Pola Pilpres kekinian: kerja memenangkan hati publik, merebut psikologi massa.
Mereka menguasai psikologi komunikasi tercepat, bisa diprediksi memenangkan permilihan. Maka proses membunyikan seseorang melalui tahapan; dikenal, diminati dan dipilih. Dikenal belum tentu diminati, diminati belum tentu dipilih.
Secara hitungan jika dikenal itu angka awalnya sudah 90%, maka untuk menakar awal berapa dimanati, penggal separuh angka dikenal, ketemu skor diminati 45% dan penggal lagi sebagian maka ketemulah angka dipilih 22,5%. Kerja bersarnya bagaimana menaikkan angka diminati dari 45 menjadi 80% dan angka dipilih menjadi 70%?
Kerja komunikasi publik di sisi calon, biasanya didampingi oleh tiga core competence unggulan; content director, spin doctor dan feature writer, bukan news writer. Berita sudah banyak dibuat oleh berbagai media mainstreamtermasuk online. Di Pilpres kali ini minim kita simak tulisan literair, deskriptif naratif, di mana warga seakan hadir di lokasi membacanya.
Dominan konten di kedua kubu Pilpres saat ini, kurang mengeksplor sesuatu empirik, kering inovasi dan kreatifitas. Saling berbalas mengatai menjadi hiasan hari-hari di Sosmed.
Dalam sikon demikian alam telah memberi peluang kubu Prabowo-Sandi mendapatkan keuntungan keberpihakan psikologi massa.
Momentumnya dari pengamatan lembaga saya pimpin, IPC, diawali ketika Sandi Uno diberi amplop dukungan kampanye oleh seorang bapak menggendong anak di Riau, lalu esok ada Nenek, meminta cucunya mengirim uang tabungannya Rp 200 ribu dari 1,2 juta ia punya, ke rekening pemenangan Prabowo Sandi. Pola ini menjadi bola salju, hingga kampanye akbar belakangan mendapatkan berkarung plastik uang dari warga. Hingga tadi malam saya menyimak dukungan Ustad Abdul Somad, live di teve one. Bola salju lekat di hati itu, bermuara kepada Prabowo-Sandi.
Namun apakah Prabowo-Sandi akan memenangi Pilpres, riset berpihak kepada Jokowi masih meng-unggulkan Jokowi. Sementara riset independen dominan memenangkan Prabowo-Sandi.
Bagaimana akhir dari pertandingan Pilpres ini?
Dari kongkow saya dengan seorang Jenderal itu, kami menjadi tertawa. Sejatinya, akhirnya persaingan hanyalah para "Jenderal" vs "Jenderal", baik di belakang Jokowi apatah pula di belakang Prabowo.

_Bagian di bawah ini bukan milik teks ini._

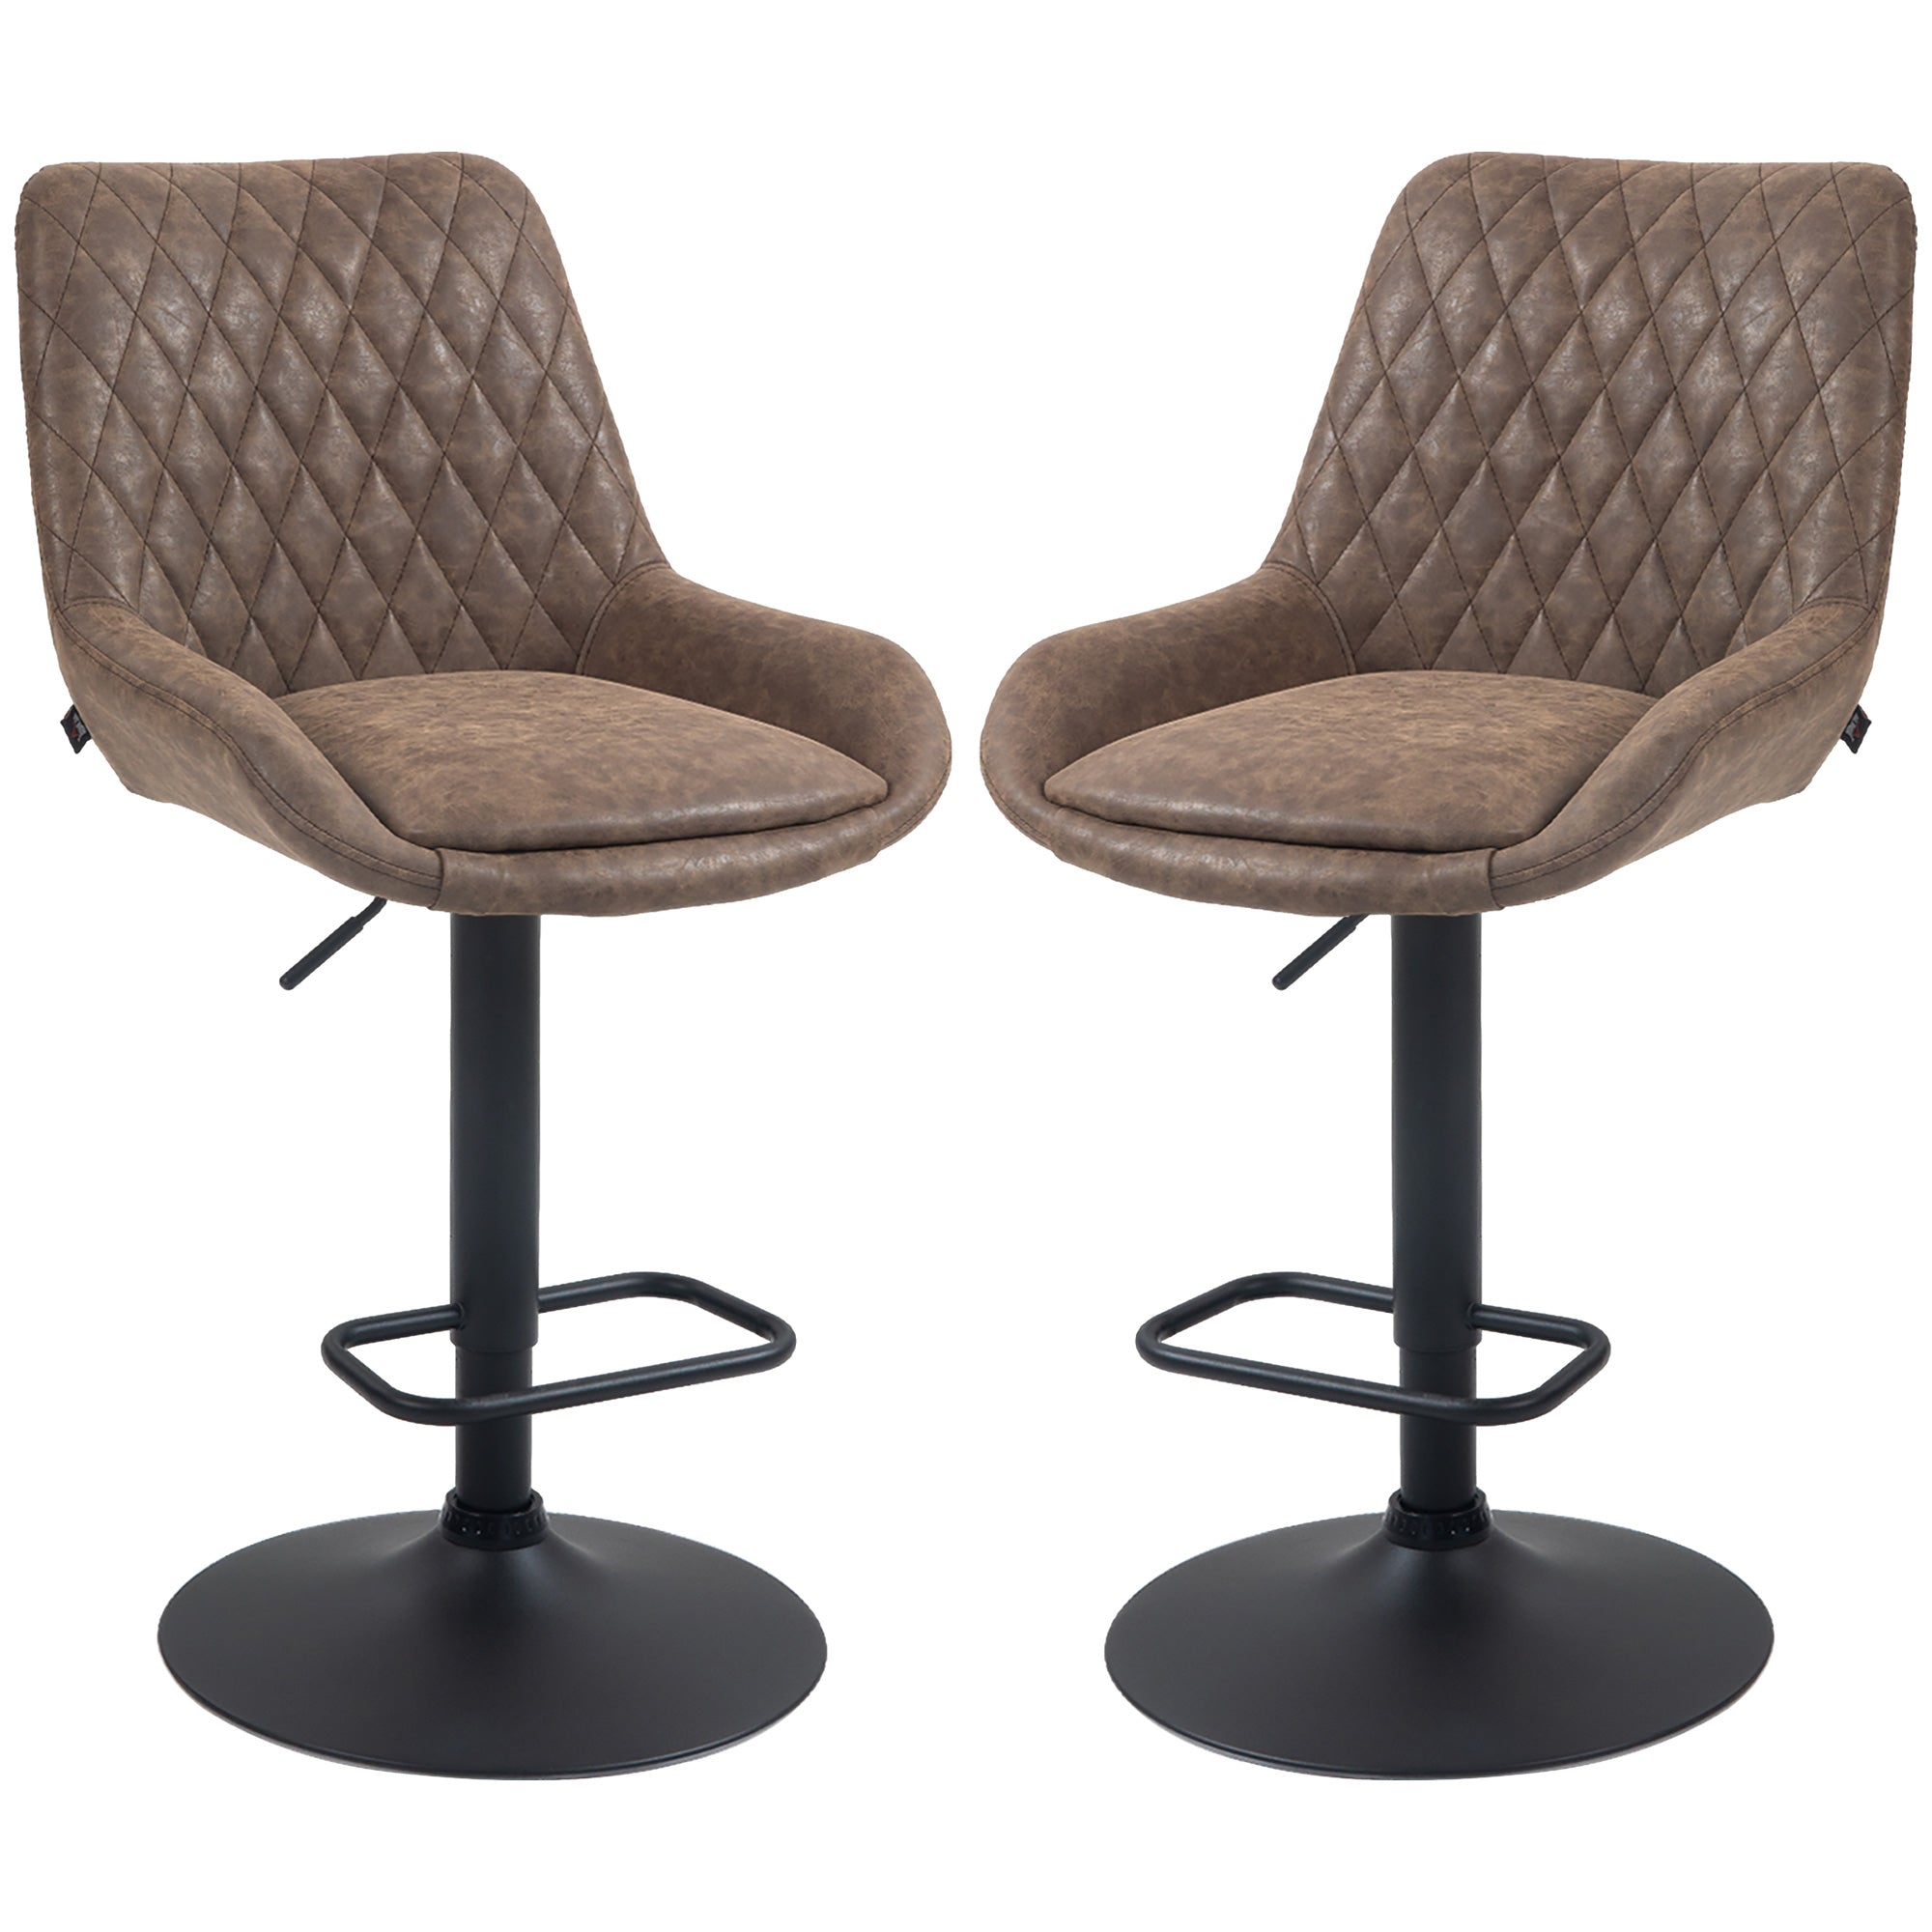 Retro Bar Stools Set of 2, Adjustable Kitchen Stool, Upholstered Bar Chairs with Back, Swivel Seat, Coffee  AOSOM

Sebagai Jenderal purnawirawan, Prabowo secara portofolio berhasil menjadikan sosok muda sipil mentas menjadi pejabat publik; mulai dari Jokowi sendiri ke DKI, berikutnya Ahok, Ridwan Kamil, hingga Anies Baswedan, tak terlepas dari sentuhan tangan dingin Prabowo Soebianto. Jokowi dibesarkan Prabowo, kemudian menjadi lawan 2014 dan kini 2019. Jokowi menguasai top of mind di publik, sebuah fenomenon awalnya tak diperkirakan Prabowo.